Im konkreten Fall hätte Ernst solche Lügenmotive zwar in Bezug auf die späteren Aussagen haben können, wonach H. am Tatort gewesen sei oder selbst sogar geschossen habe. Denn in diesem Fall hätte sich dies womöglich auf den Schuldspruch für Ernst ausgewirkt. Doch irgendwelche Motive für die Falschbezichtigung einer bloßen Beihilfehandlung bestünden nicht. Denn das Ausmaß der Strafe für Ernst sei davon unabhängig.

Das Falschbelastungsinteresse von Ernst, H. der Beihilfe zu beschuldigen, werde vom OLG aber nicht beantwortet, die Frage werde nicht einmal gestellt, so Bundesanwalt Schmid. Das Urteil sei schon deswegen rechtsfehlerhaft. Diese Auffassung vertrat auch der Vertreter der Familie Lübcke, Rechtsanwalt Ali B. Norouzi. Partielle Falschangaben führten nicht dazu, dass ein Gericht einer Aussage zwingend nicht mehr folgen könne.

Dem entgegnete H.s Rechtsanwalt Dr. Björn Clemens, es sei bei Ernst nicht um "Wer einmal lügt, dem glaubt man nicht" gegangen, sondern um ständige Falschangaben und vor allem darum, dass er im Prozess selbst nichts Verifizierbares vortragen konnte, was H. belasten würde. Der Prozess vor dem OLG habe zudem im Gegenteil klar gezeigt, dass die Theorie von Markus H. als "Denker" hinter dem "Macher" Ernst nicht zutreffe.

Hat OLG Beihilfe mit Anstiftung verwechselt?
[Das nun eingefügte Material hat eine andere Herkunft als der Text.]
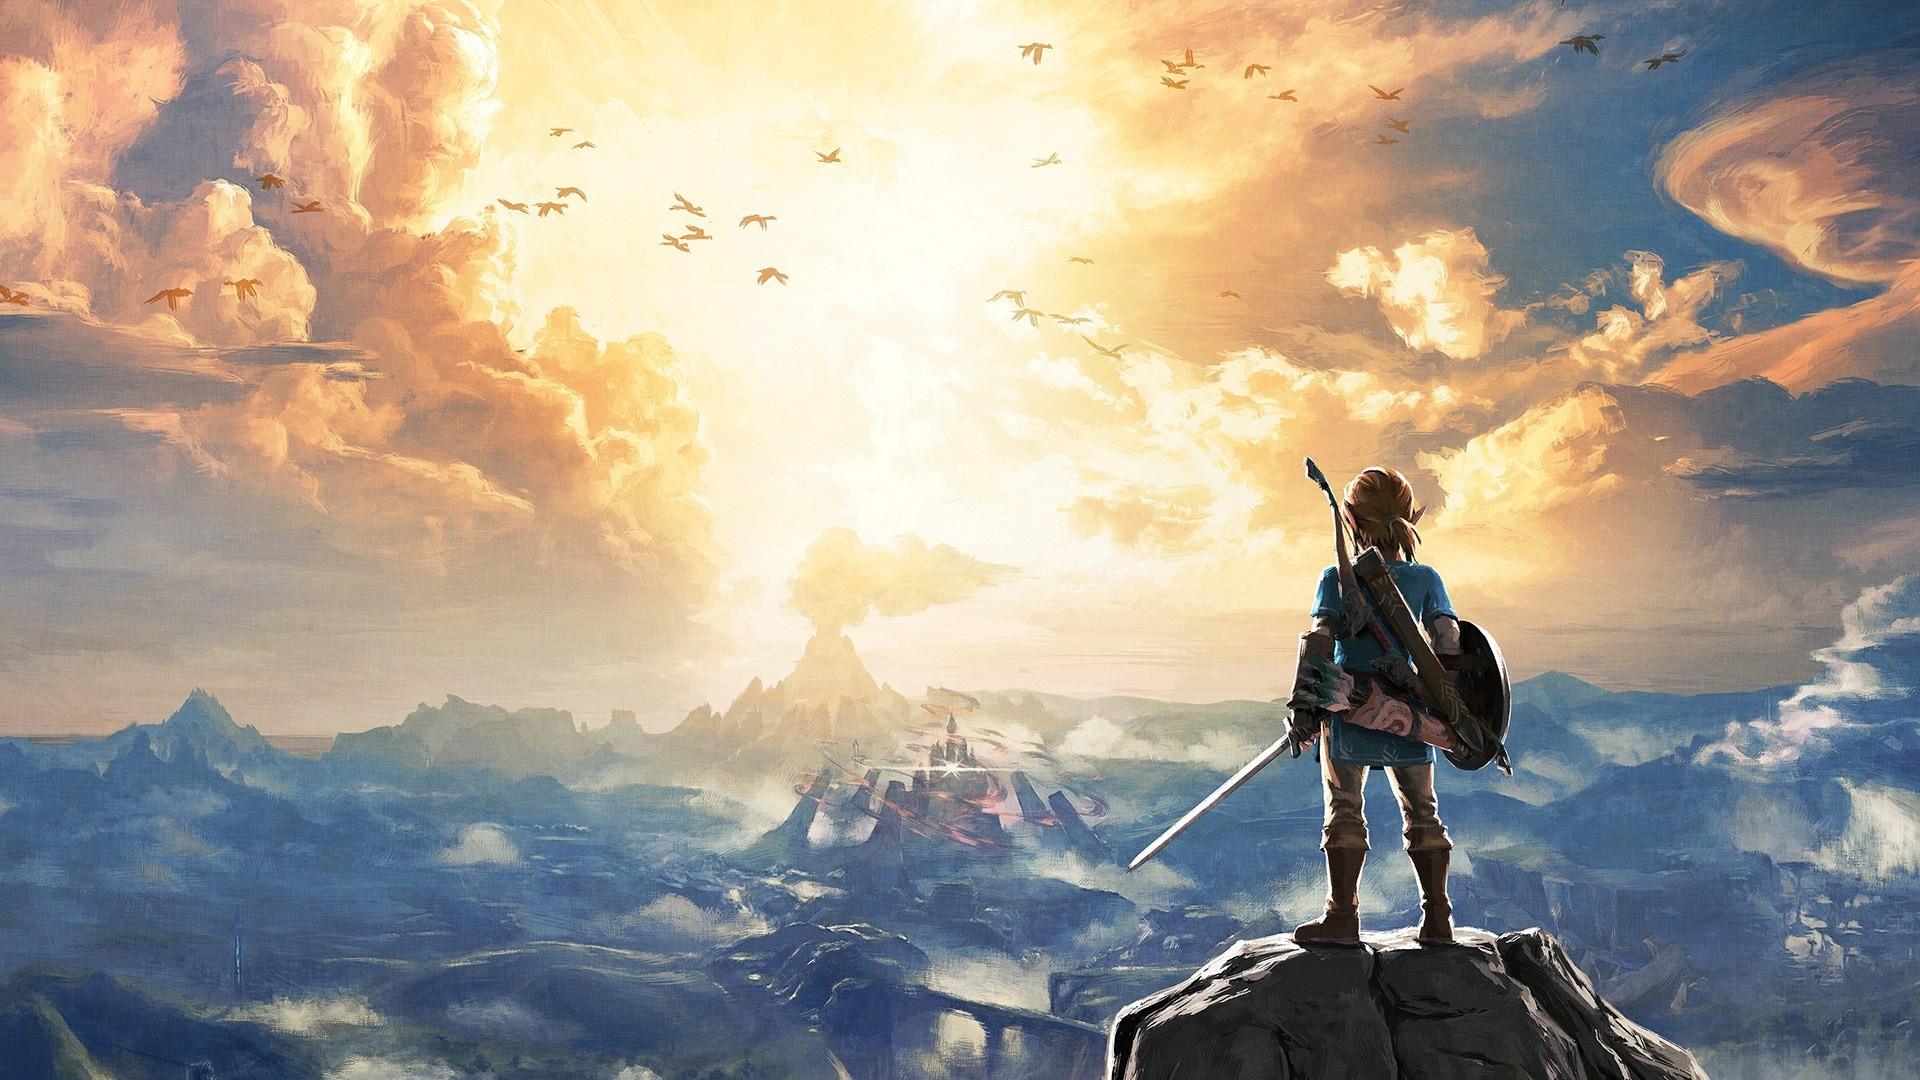 The Legend of Zelda: Breath of the Wild HD Wallpaper and Background

Bundesanwalt Schmid monierte weiter, das OLG habe den Maßstab der psychischen Beihilfe verkannt. So habe es festgestellt, dass H. in gemeinsamen politischen Gesprächen nicht "tonangebend" und "bestimmend" gewesen sei. Dies seien aber keine Merkmale der psychischen Beihilfe, sondern diejenigen der Anstiftung. Für die Beihilfe reiche es aus, dass der Täter "bestärkt" werde. Auch Lücken in der Beweiswürdigung und Erörterungsfehler wollte Bundesanwalt Schmid ausfindig gemacht haben.

Der weitere Nebenklägervertreter der Familie Lübcke, Holger Matt, konzentrierte sein Plädoyer vor allem auf einen vermeintlichen Fehler des OLG. Dies habe festgehalten, dass nicht bekannt sei, ob H. vor oder nach der Ermordung von Lübcke Chats gelöscht hat. Dies sei allerdings falsch, da sich aus dem Vermerk eines Hauptkommissars klar eine Löschung nach der Ermordung ergebe. Dies deutet auf eine Tatbeteiligung von H. hin, was das OLG rechtsfehlerhaft nicht berücksichtigt habe.

Der 3. Strafsenat reagierte skeptisch. Der Vermerk des Hauptkommissars könne ebenso so ausgelegt werden, dass es sich nur um die Daten der gelöschten Chats handele und nicht um das Datum der Löschung. Insoweit schloss Matt mit der Bemerkung ab, dass jedenfalls diese Widersprüche vom OLG hätten geklärt werden müssen.

Zum Ende des Komplexes zum Mordfall ergriff die Lübcke-Witwe Irmgard Braun-Lübcke das Wort. Für die Verarbeitung des Mordes innerhalb der Familie sei es "so wichtig", die "volle Wahrheit" zu erfahren, gerade über die letzten Sekunden des Lebens ihres Mannes. Das Urteil ließe so einige Fragen offen, die die Familie noch geklärt wissen wolle. Sie schloss mit den Worten, dass Lübcke für seine Überzeugung, dass wir in einem freien Land leben, in dem jeder ohne Angst seine Meinung sagen kann, letztlich gestorben sei.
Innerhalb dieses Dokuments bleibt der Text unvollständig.